Back when I used to work the afternoon shift, I picked up what I thought was a bad habit. I began to talk to myself. Better than hearing voices, I guess. It was the naturally occurring consequence of working alone at night. Generally, I didn’t mind the late shift, but I found the quiet a little unnerving at times. Maybe that’s why I started having conversations with myself. Since it appeared that my reservation at the looney bin wasn’t far off, I didn’t let anyone know I was a self-talker. It turns out that my diagnosis may have been a little premature. Quite the opposite, actually.
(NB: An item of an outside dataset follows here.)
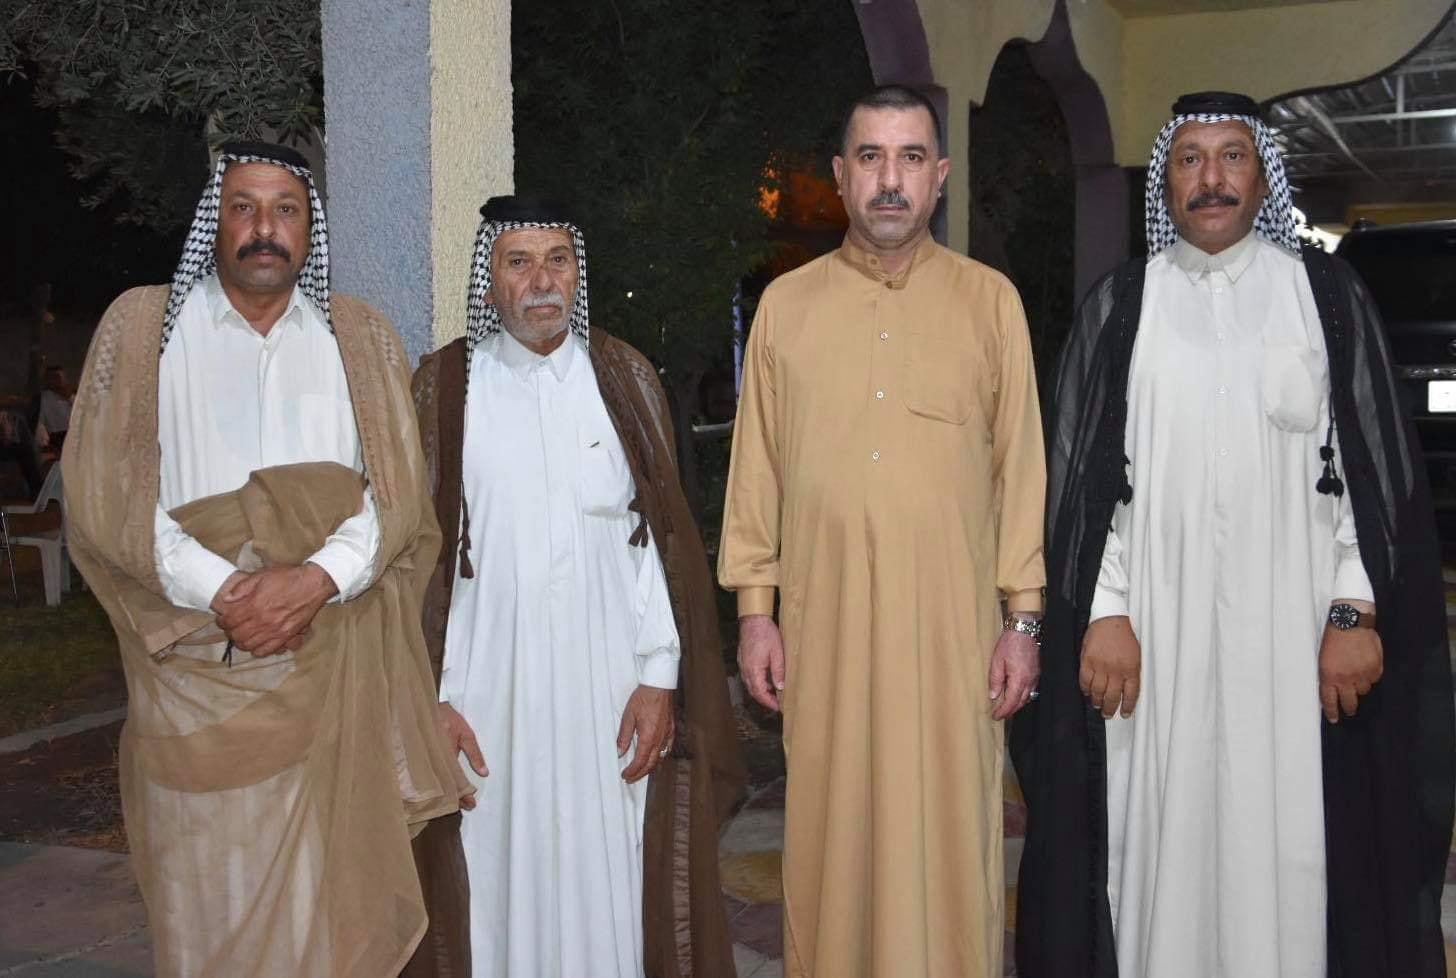 رئيس مجلس المحافظة يستقبل عدد من المواطنين في منزله

Recently, I read an article which suggests that people who talk to themselves on a regular basis, tend to be smarter than the average bear. Who knew? It states that folks who vocalize to work out their problems, seem to be better at coming up with solutions to said problems. It makes sense to me. How many times have you had a one-sided conversation with someone when you’re trying to resolve an issue? Often, you come up with the perfect solution without the other person opening their mouth. Thanks for your input, buddy!
That said, I will admit my self-talk has gotten me into trouble every now and then. Most of the time, I don’t even realize I’m doing it. Once, I was at a CVS parking lot, and I noticed a particularly attractive young lady getting out of her car. My inside voice, which has a tendency to sound like a 1940s radio announcer, spoke up and said, “Hubba, hubba!” The only problem was that my car window was WIDE OPEN, and I had said it OUT LOUD! Whoops! This resulted in a very strange look from the startled young lady. I slunk lower in my car’s seat and prayed she didn’t call the cops.
So, I guess the lesson is: If you talk to yourself, you may be smarter than Yogi, but you need to know when to put a sock in it!